= Edward Tagart =

Edward Tagart (8 October 1804 – 12 October 1858) was an English Unitarian divine.

==Biography==
Tagart was born at Bristol and educated there and at Bath Grammar School (King Edward's School, Bath). In 1820 he entered the dissenting theological academy Manchester College, which was then at York, and which eventually became Harris Manchester College, Oxford. He was ordained in 1825 as the minister of the Octagon Chapel, Norwich. In 1828 he moved to the York Street chapel (now Browning Hall) in Walworth, south London. In 1833 the congregation moved to a new chapel in Little Portland Street, off Regent Street. Tagart worked there for a quarter of a century. In 1844 the congregation gave him a set of plate with an inscription by Charles Dickens, who at that time attended his services.

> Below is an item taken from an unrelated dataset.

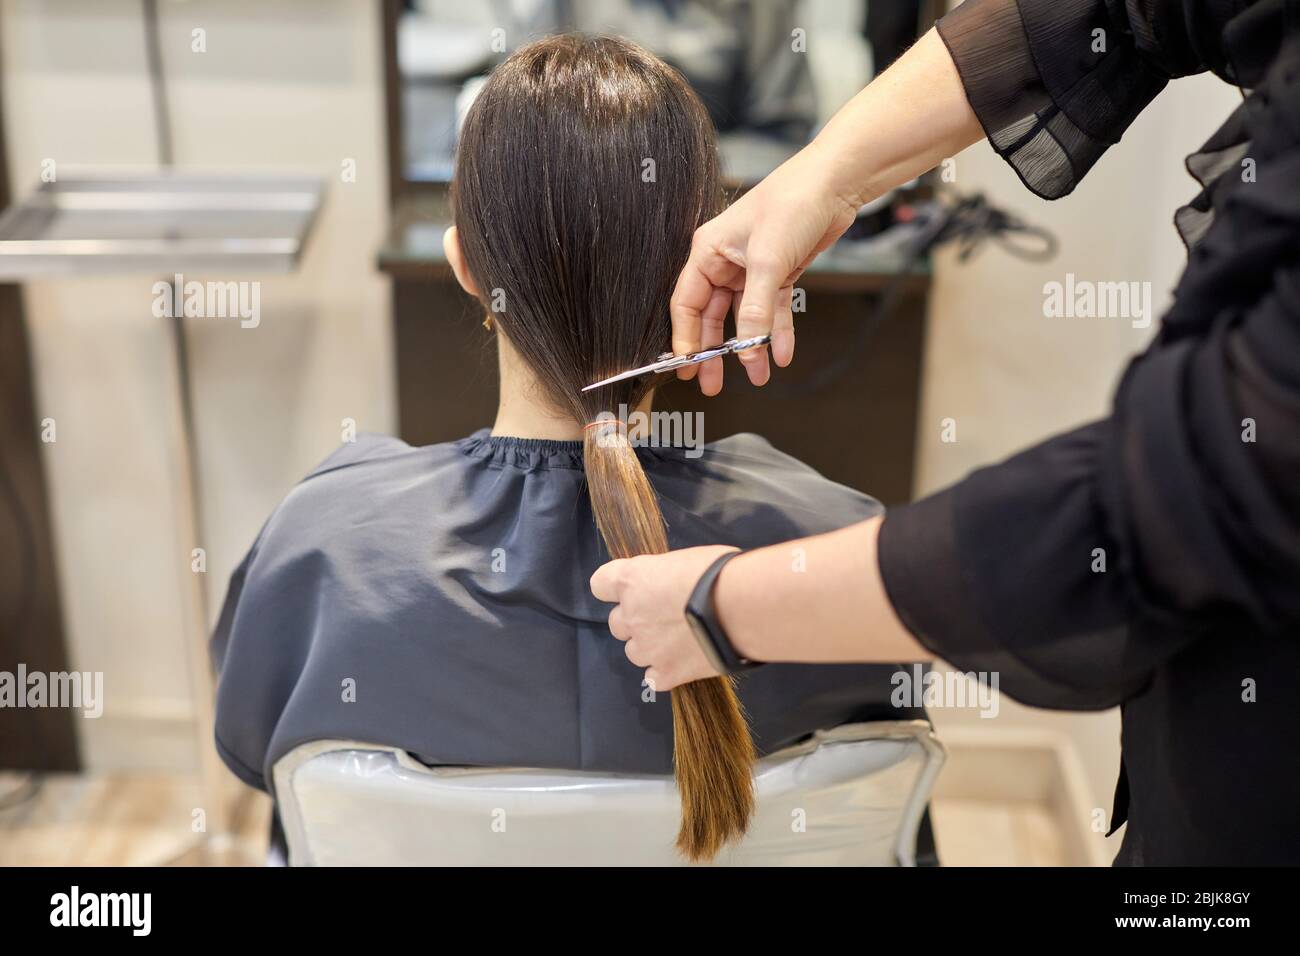 Peluquería cortando el pelo de una mujer, Programa de Donación de Cabello, Salón de peluquería y Clínica de Belleza. Foto de stock

Tagart was foreign secretary, then general secretary 1842–58, of the British and Foreign Unitarian Association. He was a fellow of the Linnean Society, the Geological Society and the Society of Antiquaries. He was a trustee of Dr Williams's foundations 1832–58.

In August 1858 Tagart went on an official visit to the Unitarians of Transylvania. On his way home he was taken ill in Brussels and died there.

==Publications==
- Reply to Address in The Service at the Settlement of the Rev. Edward Tagart, as Minister of the Octagon Chapel, Norwich, August 10, 1825, Arthur Taylor, London, 1825
- A Memoir of the late Captain Peter Heywood, R. N., Effingham Wilson, London, 1832
- Remarks on mathematical or demonstrative reasoning, John Green, London, 1837
- Sketches of the lives and characters of the leading Reformers of the Sixteenth Century, John Green, London, 1843
- Remarks on Bentham, His Obligations to Priestley, and His Early Studies, Charles Green, London, 1844
- Locke's writings and philosophy historically considered, and vindicated from the charge of contributing to the scepticism of Hume, Longman, London, 1855 (of this Hallam wrote, 'I think it will have the effect of restoring Locke to the place he ought to take in the estimation of his country')

==Family==
Tagart married in 1828, Helen Bourn (1797–1871), daughter of Joseph Bourn, a grandson of Samuel Bourn the younger. She was the widow of Thomas Martineau, brother of Harriet Martineau, and survived him with an only son and three daughters. She is often known as Helen Martineau.